> [Problem to work on]
Write out exactly the lines below starting at the one containing "11.14 Lebanon County fire" and ending at the one containing "Hikari Mori YouTube header". Omit every picture.

> [Data provided]

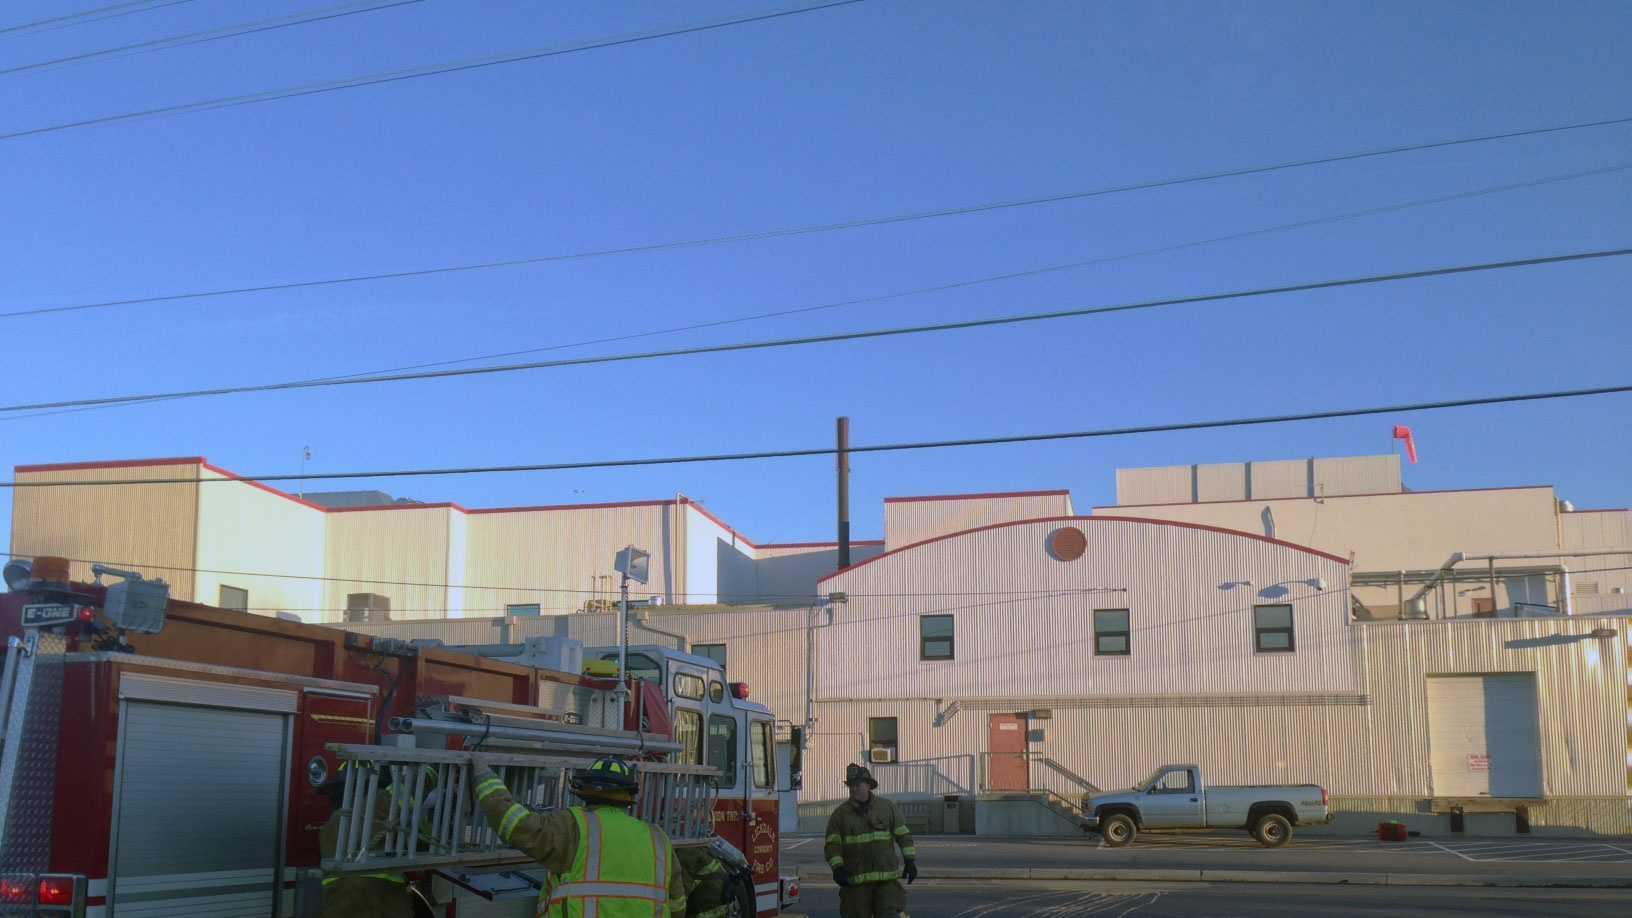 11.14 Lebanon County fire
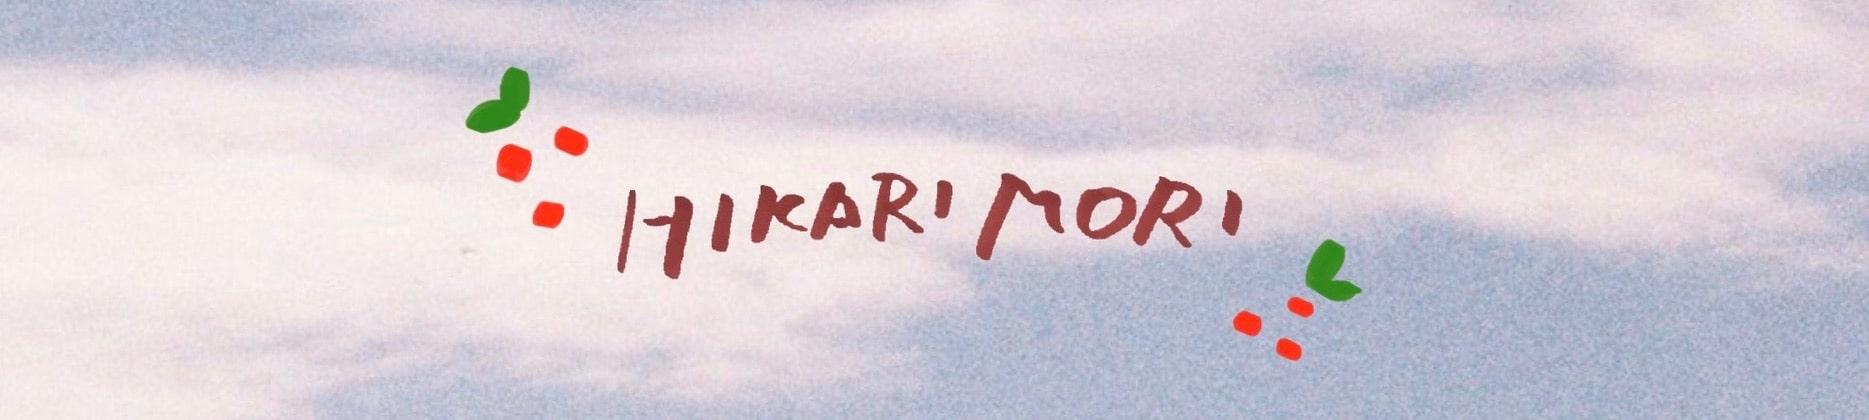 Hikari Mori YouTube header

---

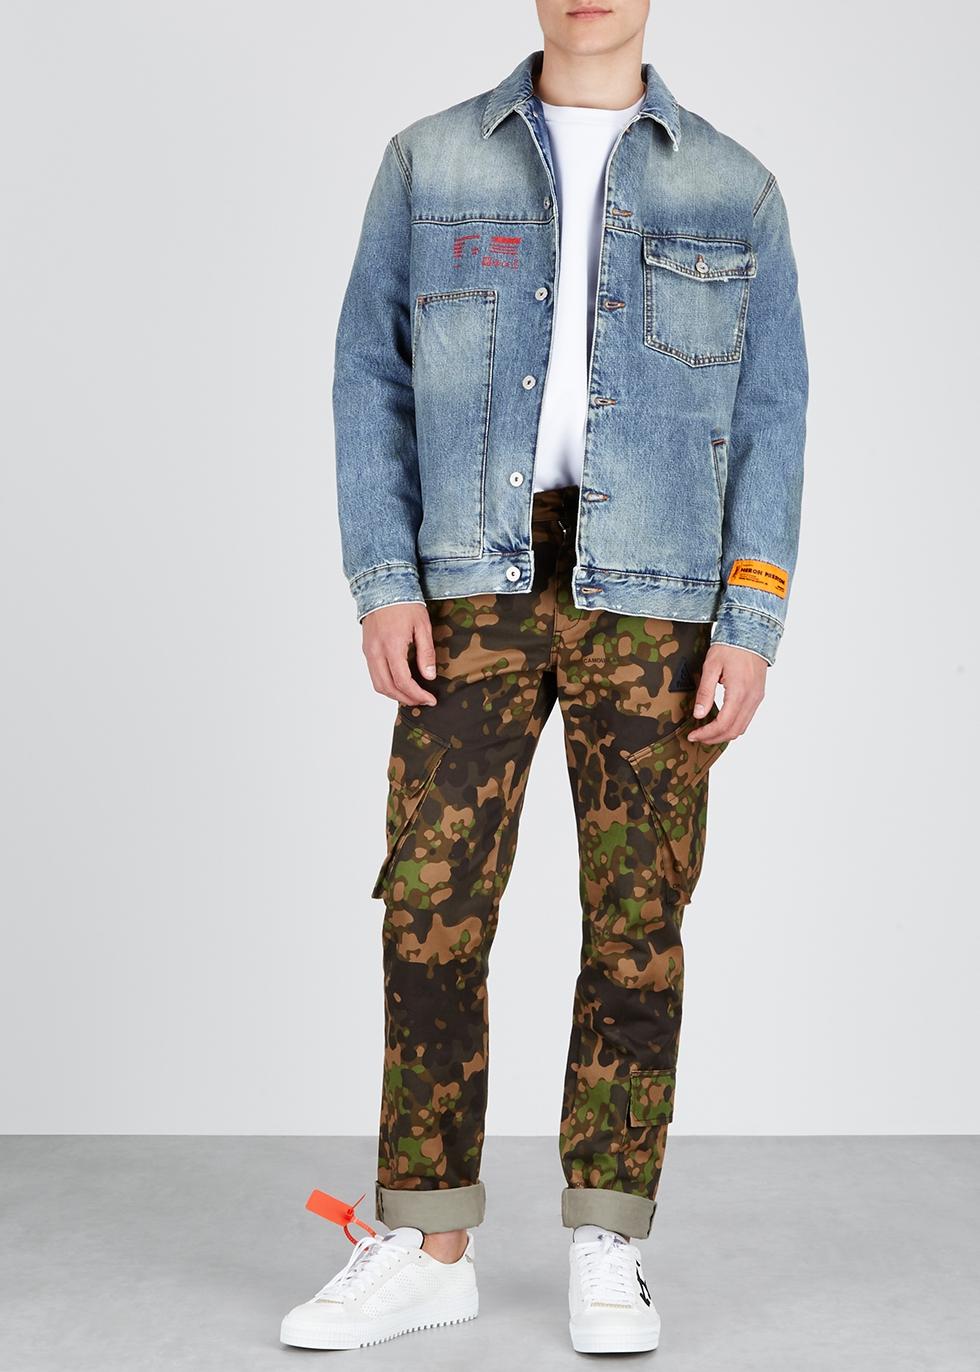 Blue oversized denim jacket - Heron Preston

* * *

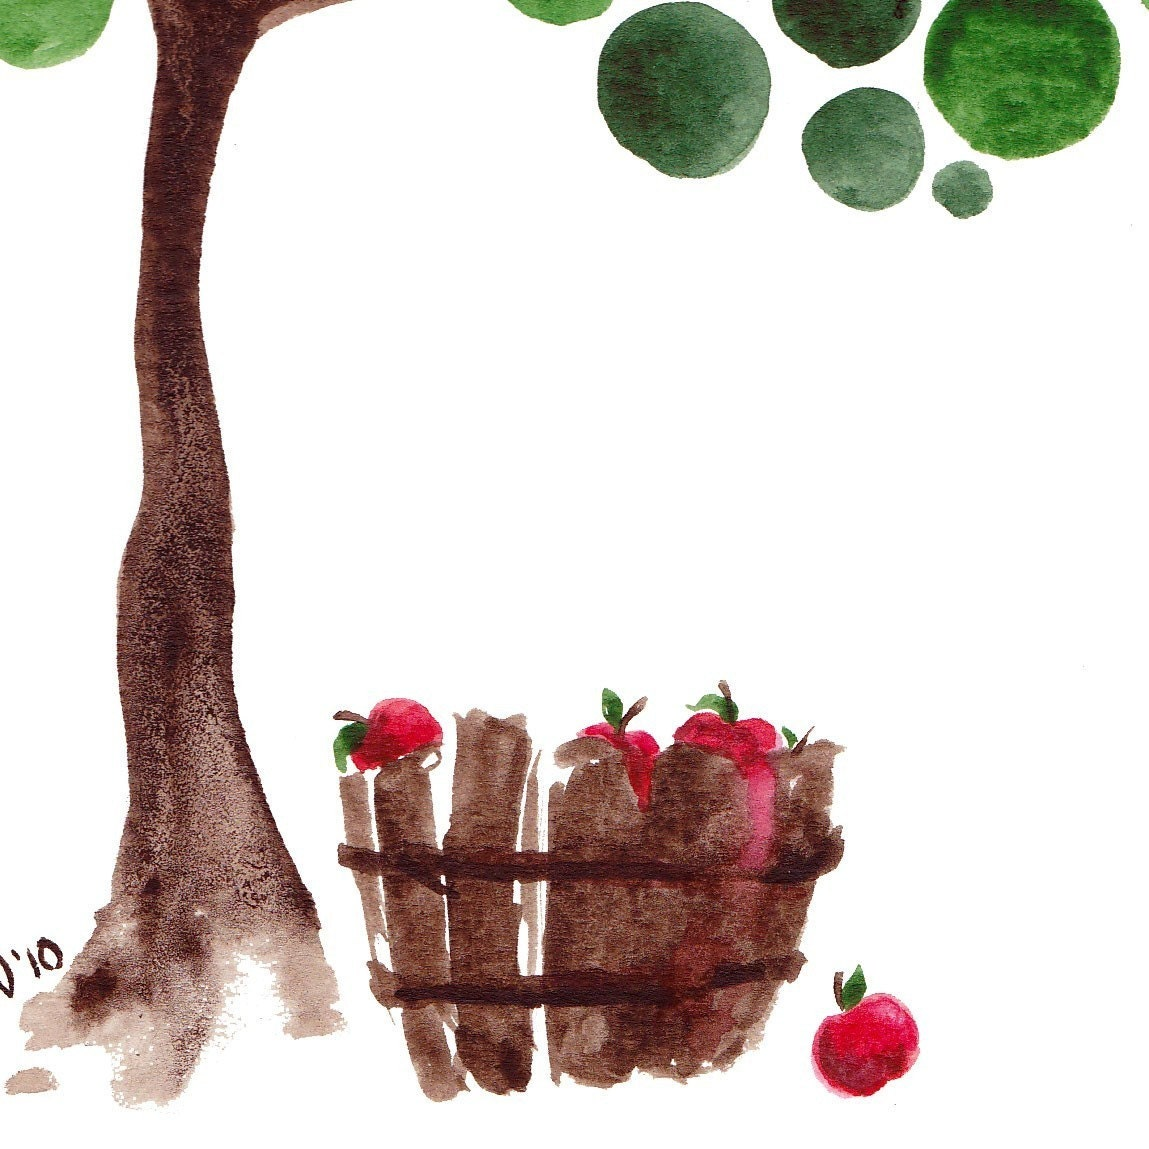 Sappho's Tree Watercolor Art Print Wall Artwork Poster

> [Result of the task]
 11.14 Lebanon County fire
 Hikari Mori YouTube header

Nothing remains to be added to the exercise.